INFERENCE_JOB_ID=$(tao-client visual_changenet experiment-run-action --action inference --id $EXPERIMENT_ID --specs "$SPECS" --parent_job_id $TRAIN_JOB_ID)

tao model visual_changenet inference -e <experiment_spec>
                       task=segment
                       inference.checkpoint=<inference model>
                       [inference.<evaluate_option>=<evaluate_option_value>]
                       [inference.gpu_ids=<gpu indices>]
                       [inference.num_gpus=<number of gpus>]

Required Arguments

The following arguments are required.

-e, --experiment_spec_file: The experiment spec file to set up the evaluation experiment.
inference.checkpoint: The .pth model to run inference on.

Optional Arguments

The following arguments are optional to run the command.

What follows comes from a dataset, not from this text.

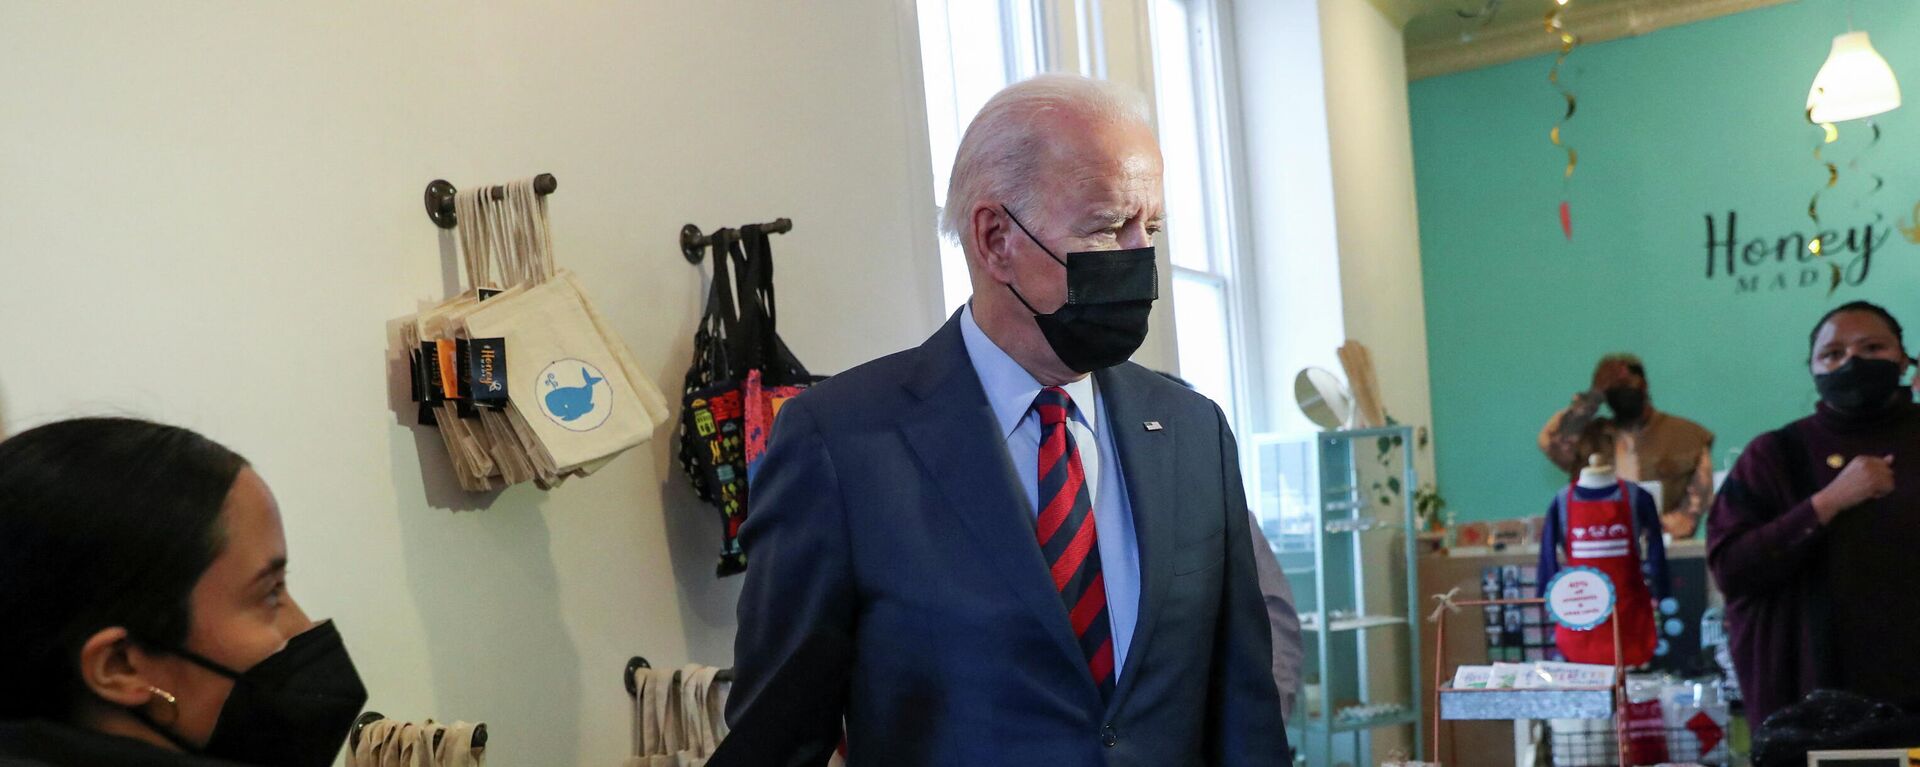 U.S. President Joe Biden listens to a question from a reporter about Russia and the Ukraine crisis as he pays a visit to a small clothing and gifts store on Capitol Hill in Washington, U.S., January 25, 2022. - Sputnik International, 1920, 25.01.2022

inference.<inference_option>: The inference options.

Exporting the Model#

Here is an example to get spec from the FTMS client and an example spec file from TAO Launcher for exporting the trained VisualChangeNet model:

SPECS=$(tao-client visual_changenet get-spec --action export --job_type experiment --id $EXPERIMENT_ID)

export:
  checkpoint: /path/to/model.pth
  onnx_file: /path/to/model.onnx
  opset_version: 12
  input_channel: 3
  input_width: 256
  input_height: 256
  batch_size: -1

Parameter	Datatype	Default	Description	Supported Values
checkpoint	string		The path to the PyTorch model to export.
onnx_file	string		The path to the `.onnx` file.
opset_version	unsigned int	12	The opset version of the exported ONNX.	>0
input_channel	unsigned int	3	The input channel size. Only the value 3 is supported.	3
input_width	unsigned int	128	The input width.	>0
input_height	unsigned int	512	The input height.	>0
batch_size	unsigned int	-1	The batch size of the ONNX model. If this value is set to -1, the export uses dynamic batch size.	>=-1
gpu_id	unsigned int	0	The GPU ID to use.
on_cpu	bool	False	If set to `True`, exports the model on CPU.
verbose	bool	False	If set to `True`, prints a human-readable representation of the network.

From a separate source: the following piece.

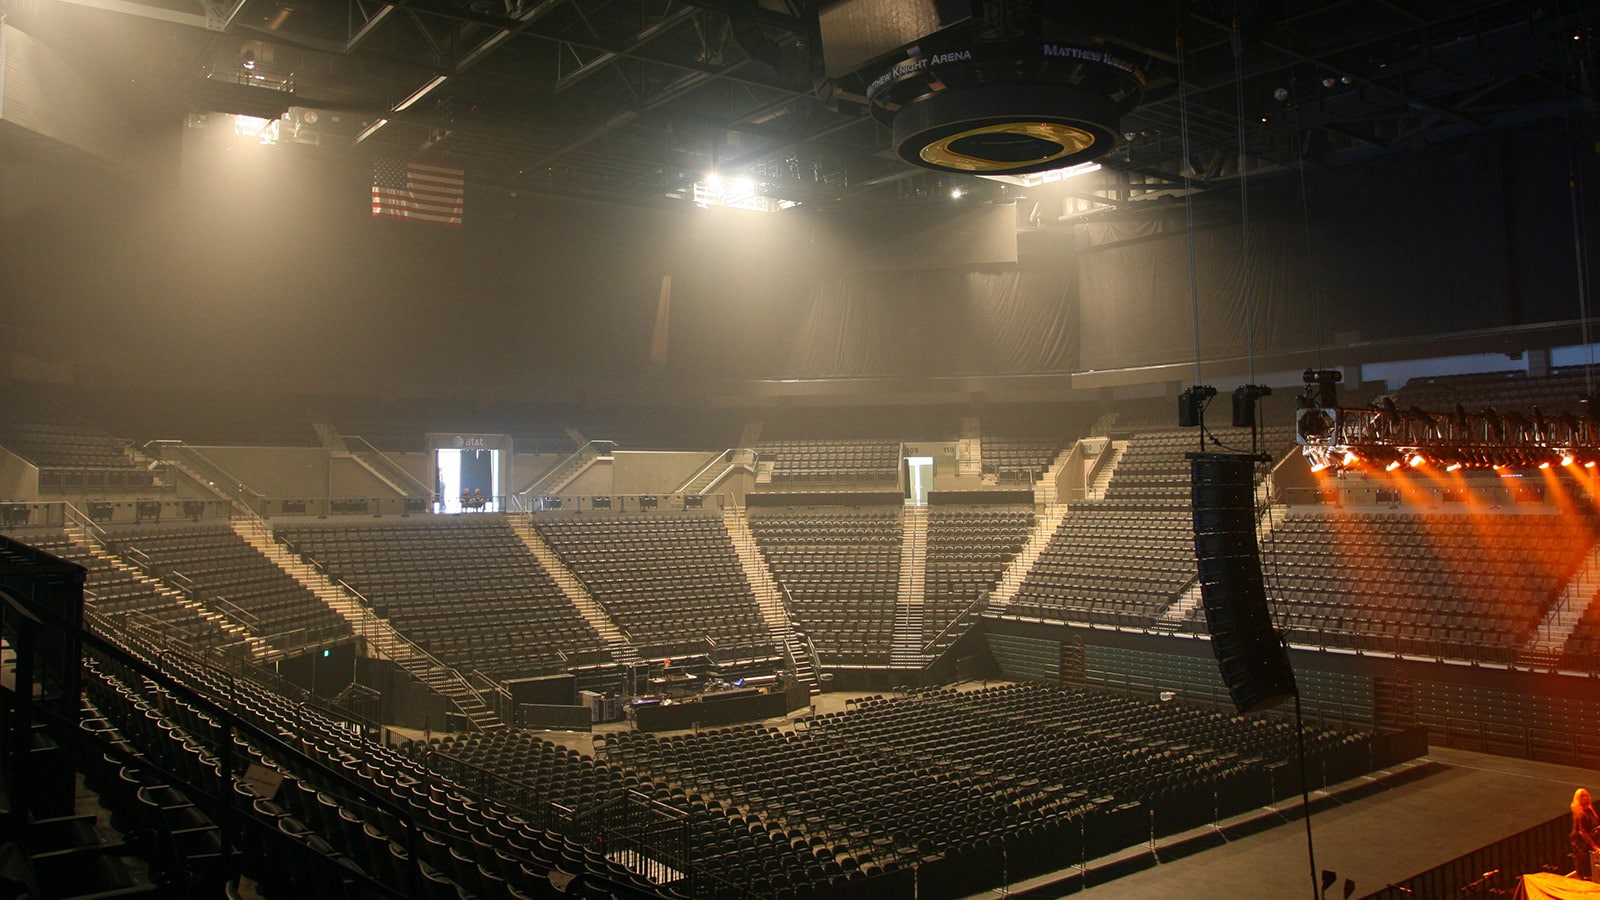 George Relles Sound's New Meyer Sound LYON System Gets Stamp of Approval at Lee Brice Arena Concert

Use the following command to export the model:

EXPORT_JOB_ID=$(tao-client visual_changenet experiment-run-action --action export --id $EXPERIMENT_ID --specs "$SPECS" --parent_job_id $TRAIN_JOB_ID)

tao model visual_changenet export [-h] -e <experiment spec file>
                          task=segment
                          export.checkpoint=<model to export>
                          export.onnx_file=<onnx path>
                          [export.<export_option>=<export_option_value>]

Required Arguments

The following arguments are required to run the command.

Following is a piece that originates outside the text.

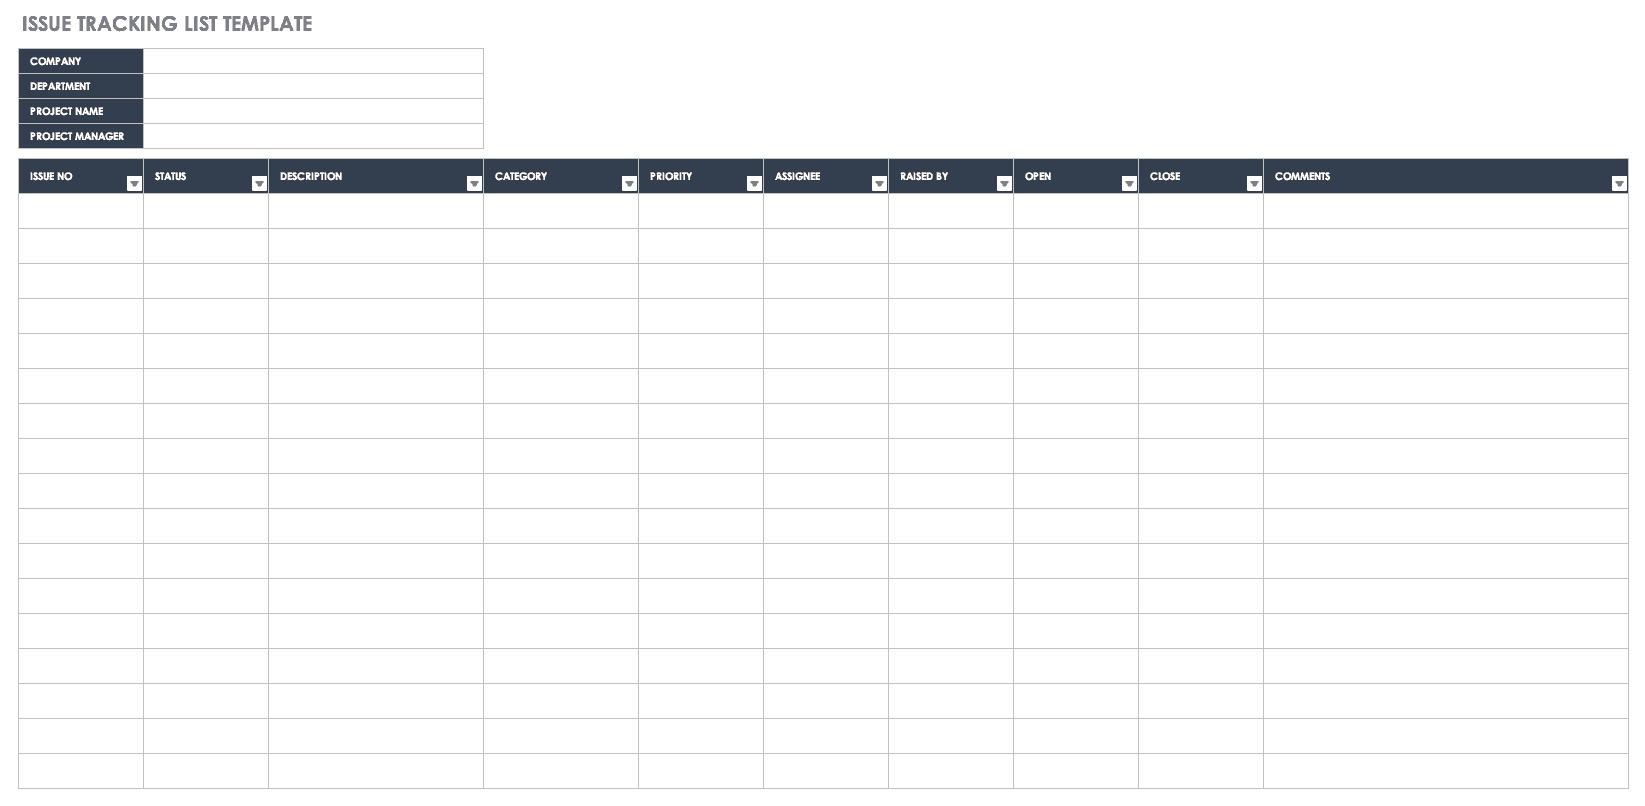 Issue Tracking List Template

-e, --experiment_spec: The path to an experiment spec file
export.checkpoint: The .pth model to export.
export.onnx_file: The path where the .etlt or .onnx model is saved.

Optional Arguments

The following arguments are optional to run the command.

export.<export_option>: The export options.

TensorRT Engine Generation, Validation, and int8 Calibration#

For deployment, refer to the TAO Deploy Documentation for VisualChangeNet-Segmentation.